Policyholder Services

National Practitioner Data Bank reporting


When OMIC settles a claim or pays a judgment against an insured, policyholders often wonder if the payment will be reported to the National Practitioner Data Bank (NPDB). This article will describe under what circumstances federal law requires such reporting.

The NPDB Guidebook states that a payment made by an entity for the benefit of a healthcare practitioner to satisfy a written claim or judgment for medical malpractice must be reported. This sounds simple enough, but breaking this requirement down shows that there are situations where the requirement to report is not always clear.

First, what is “making a payment”? The NPDB considers making a payment to be the exchange of money. A fee refund is considered “making a payment.” A waiver of a patient’s debt, on the other hand, is not considered “making a payment” and therefore should not be reported.

What if the payment is made for the benefit of an entity, not for the benefit of a healthcare practitioner? A medical malpractice payment made solely for the benefit of a corporation, such as a clinic, group practice, or hospital, should not be reported. However, a payment made for the benefit of a business entity that consists of only a sole practitioner must be reported. In other words, a payment made for the benefit of a sole shareholder corporation is considered a payment made for the benefit of the individual sole practitioner.

What constitutes a reportable claim? Only medical malpractice payments resulting from a written complaint or a written claim demanding monetary payment are to be reported. This includes tort actions brought in state or federal court or before another adjudicative body, such as a claims arbitration board, and any form of pre-litigation written communication demanding payment for damages. This could be a letter from a patient alleging a botched surgery and demanding compensation (a specific dollar amount need not be requested). Conversely, payments based solely on oral demands are not to be reported. For example, if a patient calls or comes in person to the office and demands a refund for what he or she considers poor treatment, payment of the refund would not be reportable.

For reporting purposes, the claim must be based on a practitioner’s provision of or failure to provide healthcare services; the NPDB interprets this broadly.
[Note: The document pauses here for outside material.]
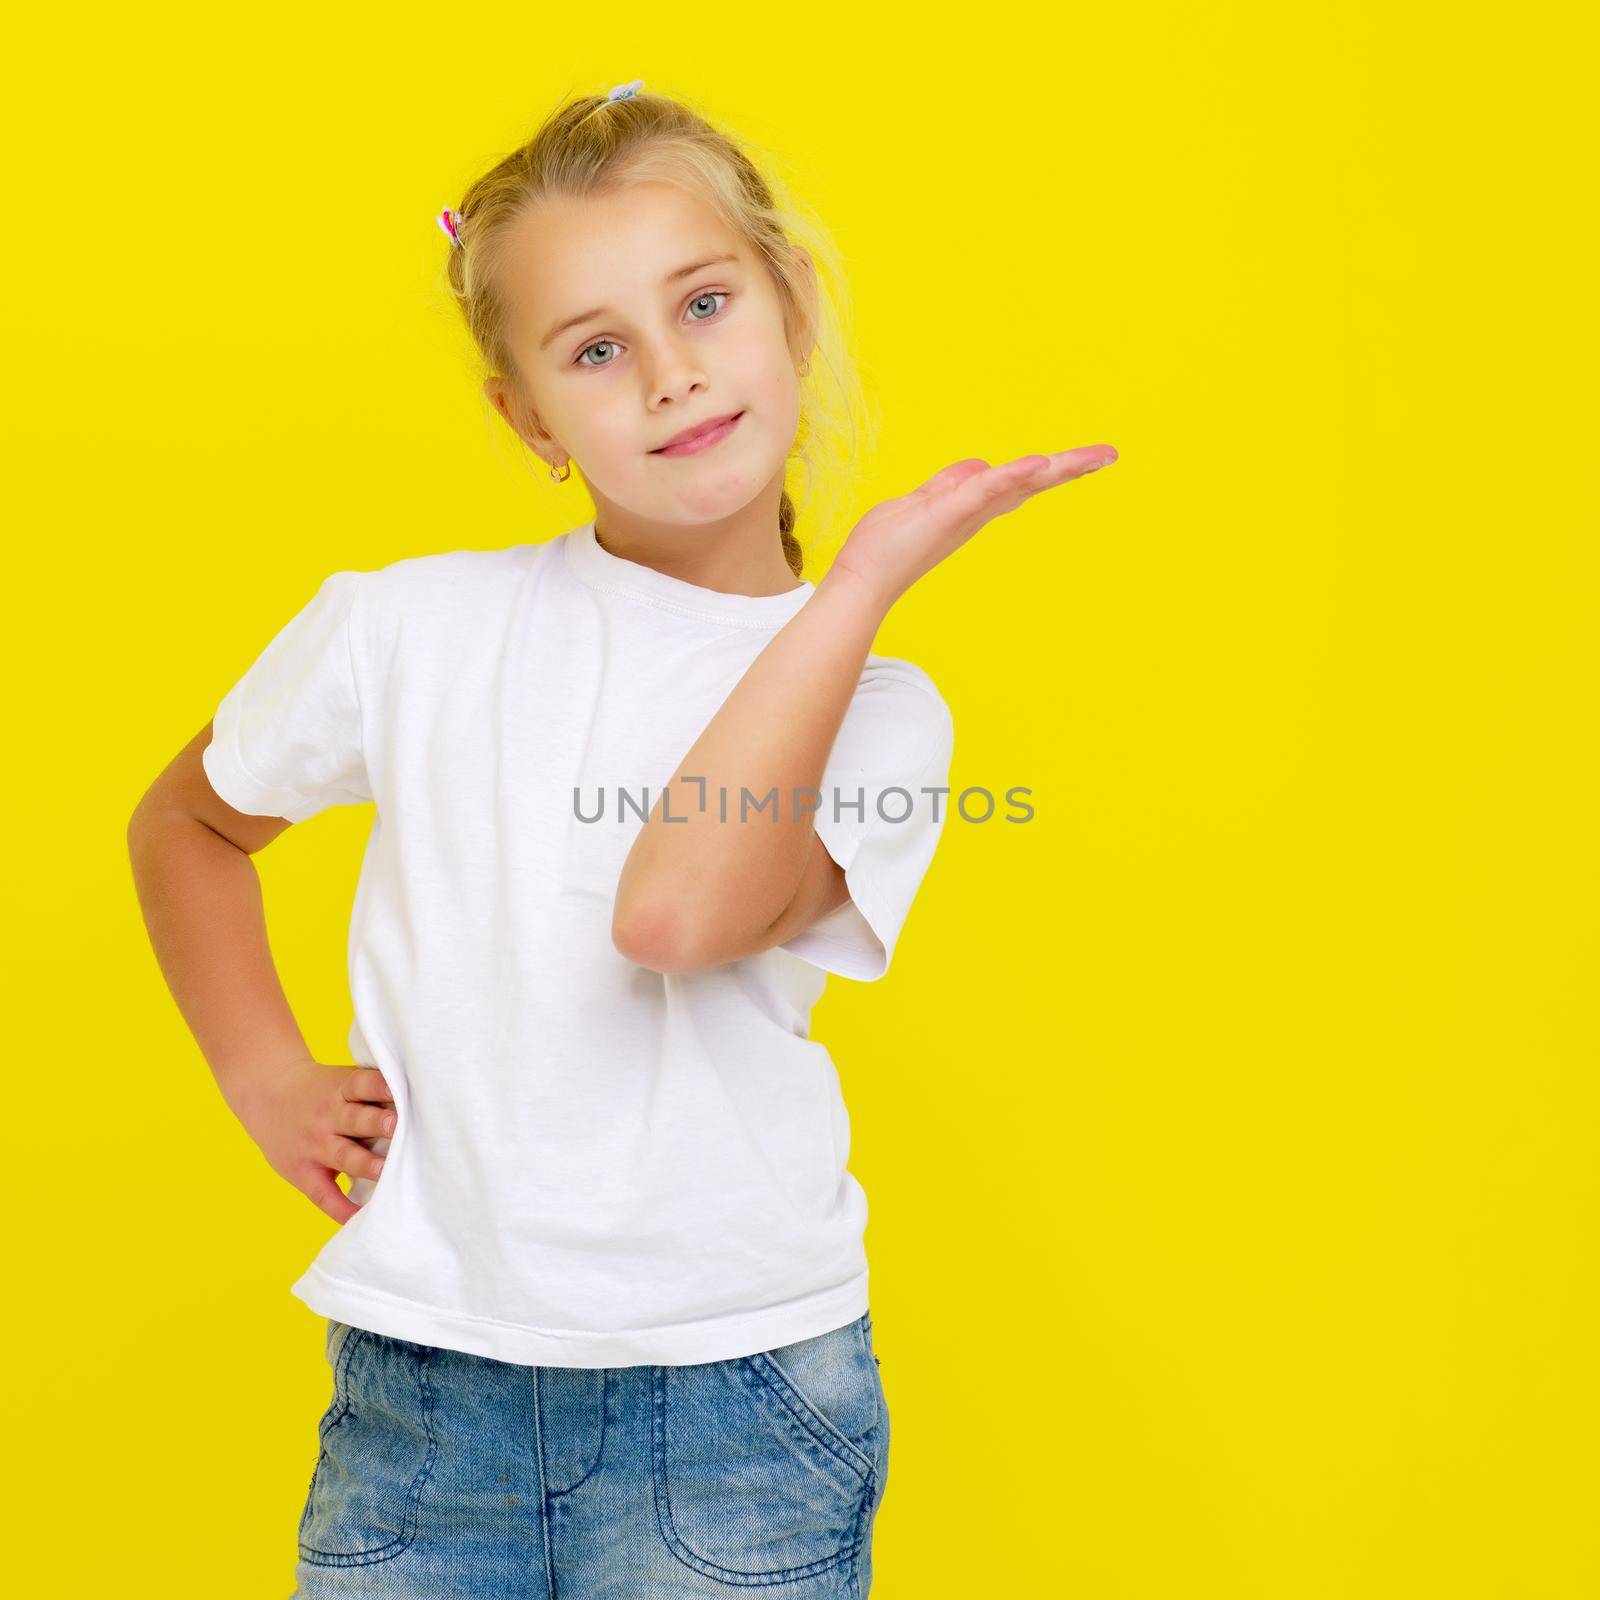 Emotional little girl in a clean white T-shirt. The concept can be used to advertise goods and services, whose logo can be printed on the surface of the shirt.On a yellow background.

For instance, if a suit is brought against a practitioner alleging medical malpractice and other torts, and the medical malpractice counts are dropped, if the insured is still named in the suit and OMIC makes a payment on behalf of the insured practitioner, OMIC must report the payment. The narrative portion of the report can be used to explain why the payment was made, that the medical malpractice allegations were dropped, or any other relevant data.

A report is only required if the practitioner is named, identified, or otherwise described in both (1) the written complaint or claim demanding payment and (2) the settlement release or final adjudication, if any. So if a practitioner is named in the release but not in the demand or lawsuit, that practitioner need not be reported. If a practitioner was named in a lawsuit but is later dismissed and is not identified in the settlement release, a payment need not be reported for that practitioner unless his or her dismissal resulted from a condition in the settlement or release.

Even if several ophthalmologists are insured under one policy, a report is made to the NPDB only for the individual practitioner for whose benefit a payment was made. If OMIC makes a payment for the benefit of multiple insureds due to one claim, reports must be submitted for each insured. If it is impossible to determine the amount paid on behalf of each insured individually, the total amount and the total number of practitioners must be reported on each submission. If payment can be apportioned, OMIC must report the actual amount paid for the benefit of each practitioner on their respective reports. If multiple payers contribute to the settlement or satisfaction of a judgment for the benefit of one practitioner, they each must submit a report. For example, if OMIC and a patient compensation fund each pay a share of an award, they report their respective payments to the NPDB.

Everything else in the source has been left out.